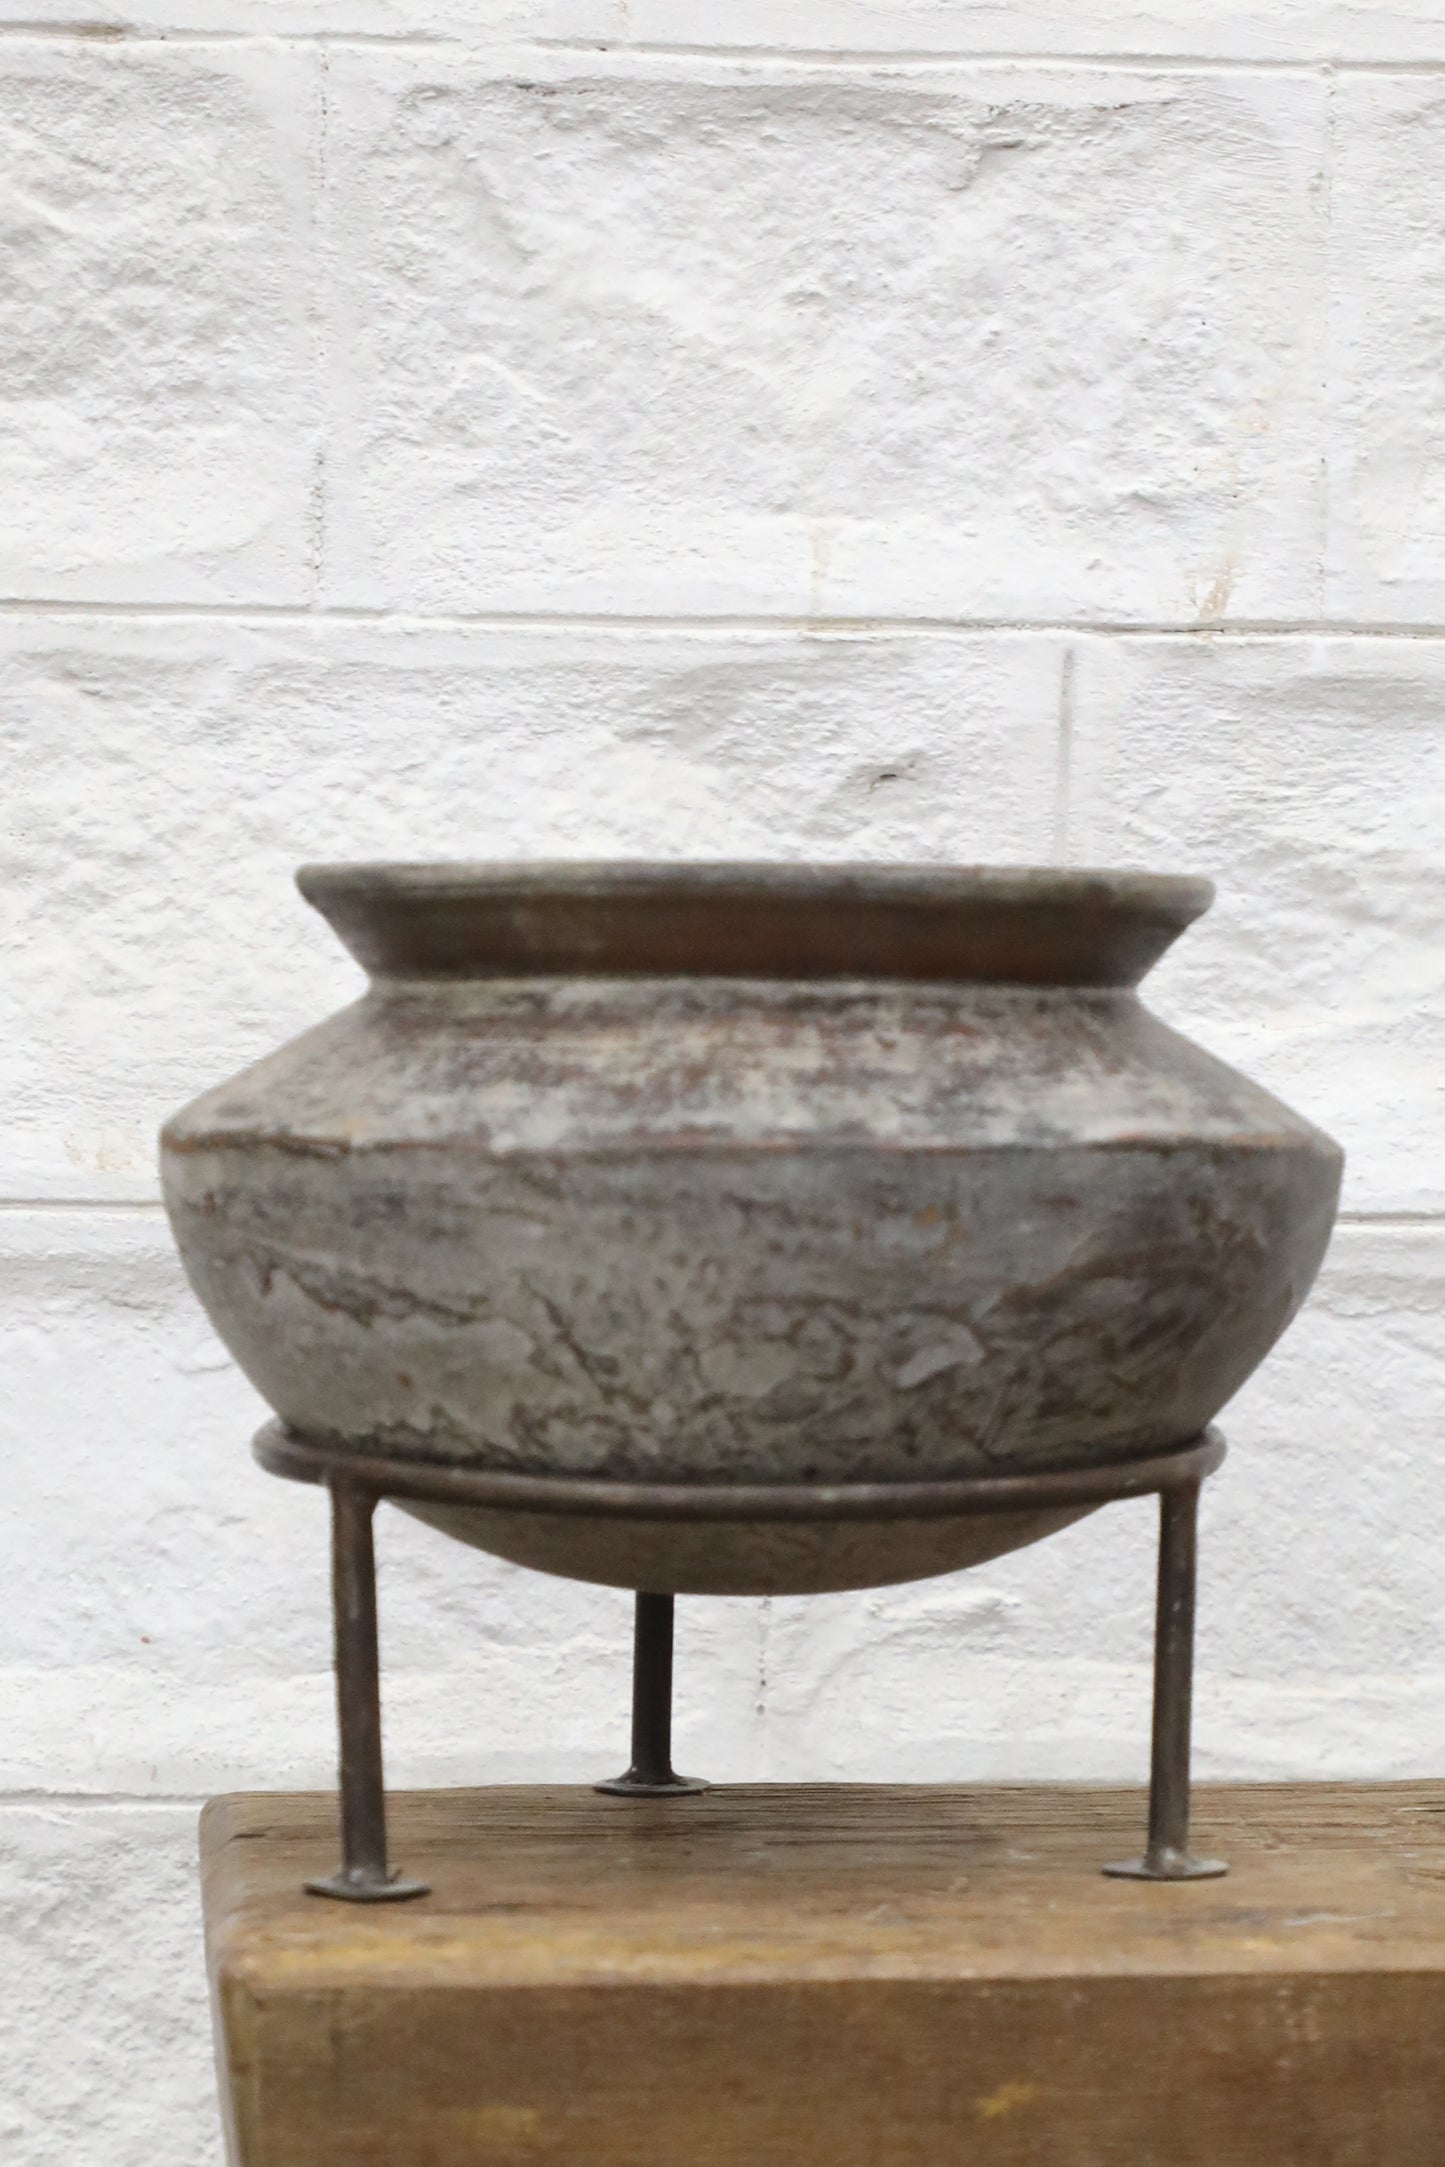 Grand Clay Pot
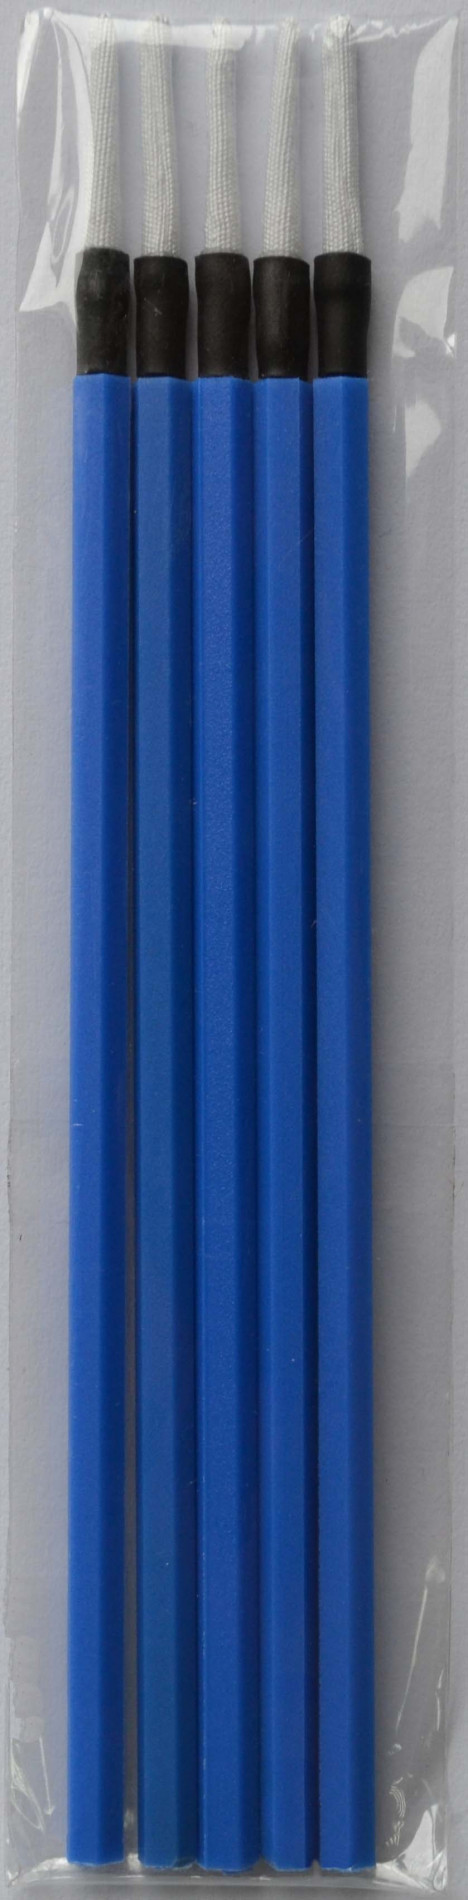 Grandway CLN2-002-02 - палочки очистительные безворсовые 1,25мм для оптических разъемов LC/MU, 5 шт/уп
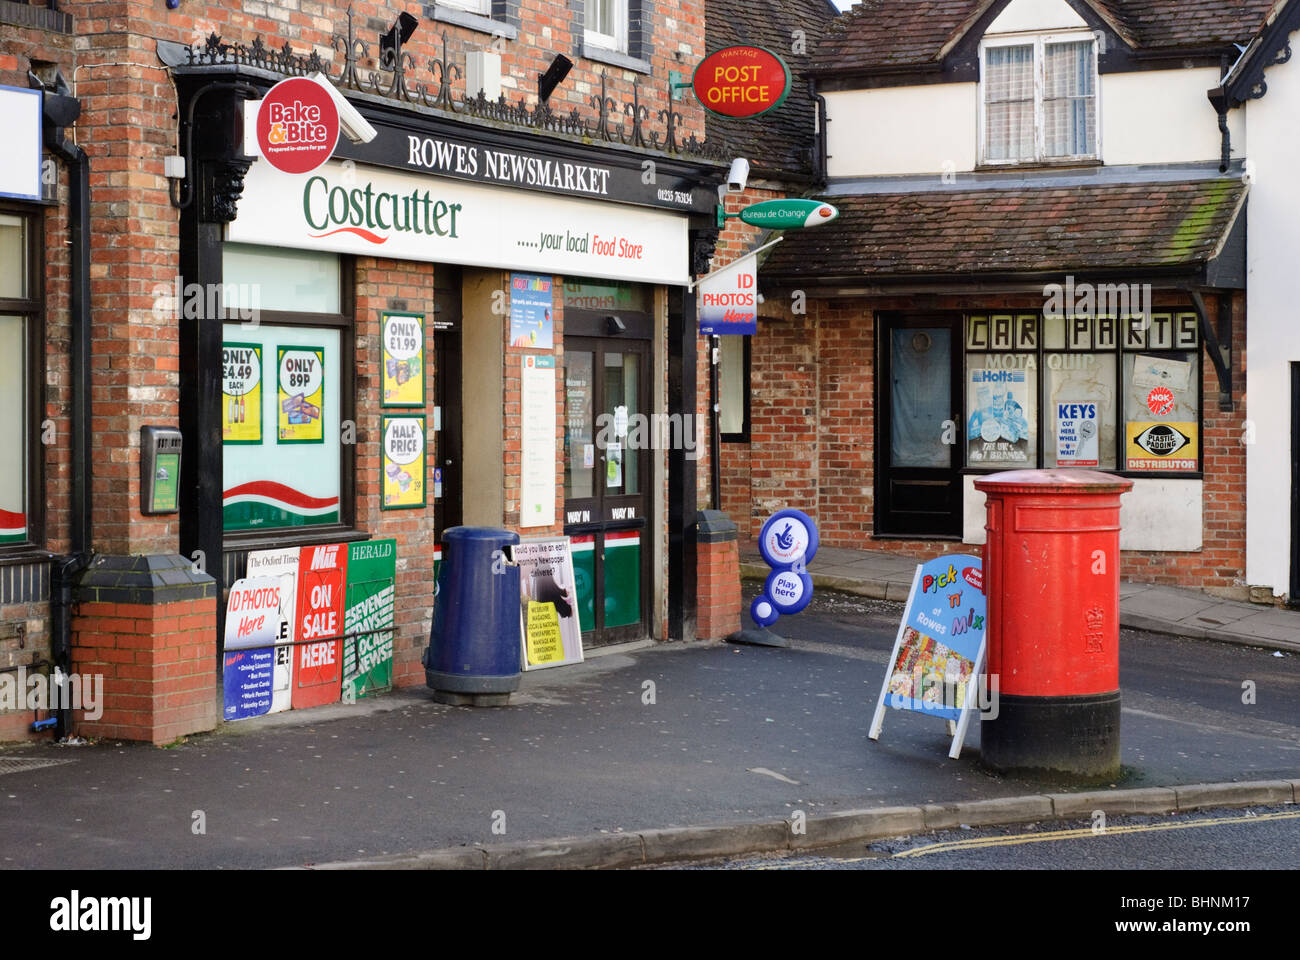 Dans The Newsmarket Rowes, Wantage Oxfordshire, Angleterre, Royaume-Uni est un magasin de proximité avec un bureau de poste situé à l'intérieur. Banque D'Images
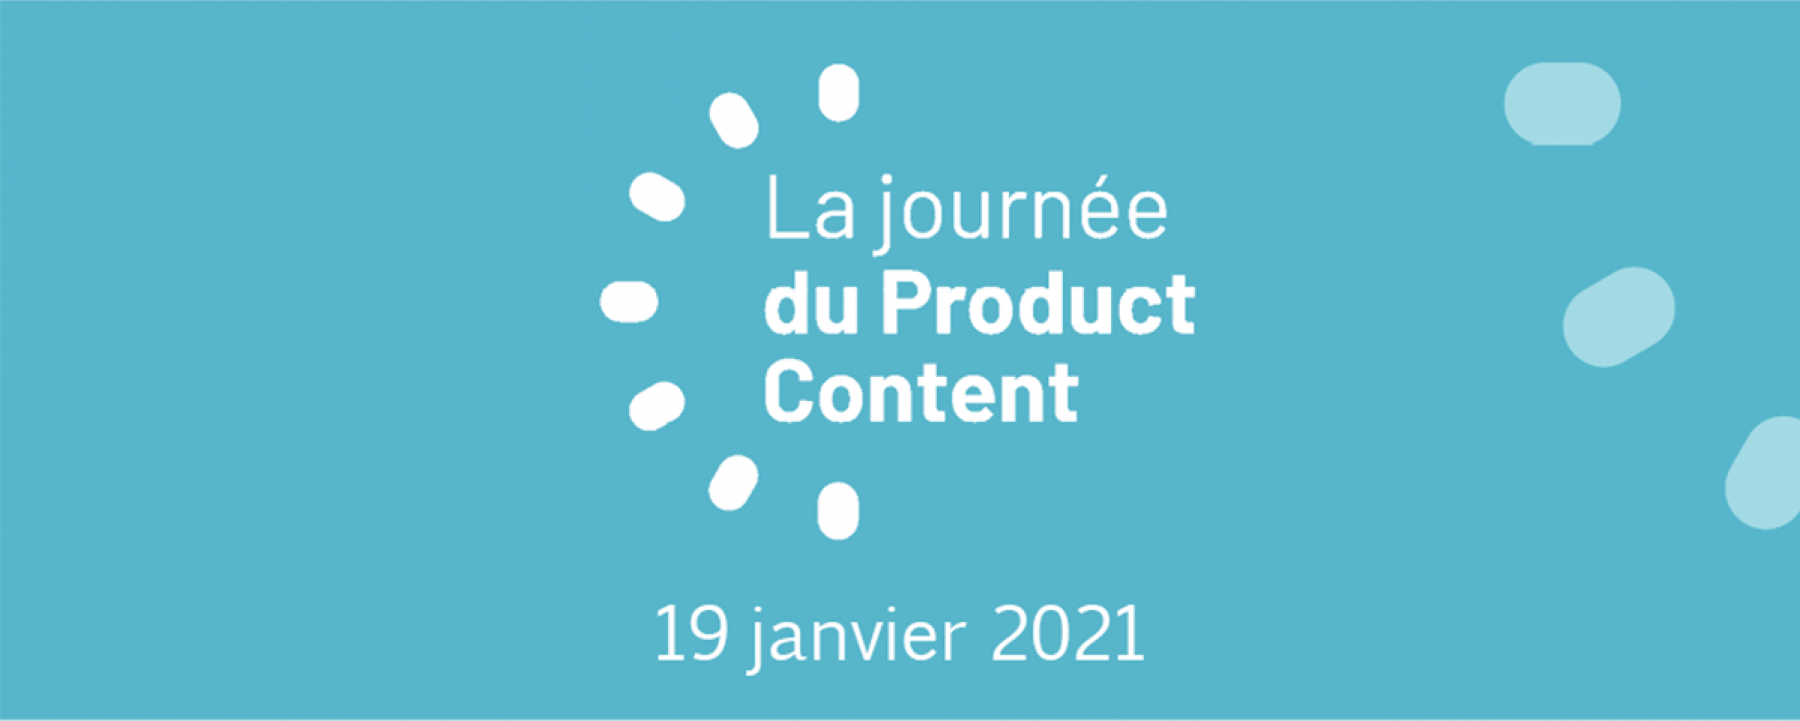 La journée du Product Content, un événement organisé par NetMedia Group le 19 janvier 2021
====
YOUR ASSIGNMENT: Reproduce the whole listing above word for word, but not its pictures.

ANSWER AREA:
 Grand Clay Pot
 Grandway CLN2-002-02 - палочки очистительные безворсовые 1,25мм для оптических разъемов LC/MU, 5 шт/уп
 Dans The Newsmarket Rowes, Wantage Oxfordshire, Angleterre, Royaume-Uni est un magasin de proximité avec un bureau de poste situé à l'intérieur. Banque D'Images
 La journée du Product Content, un événement organisé par NetMedia Group le 19 janvier 2021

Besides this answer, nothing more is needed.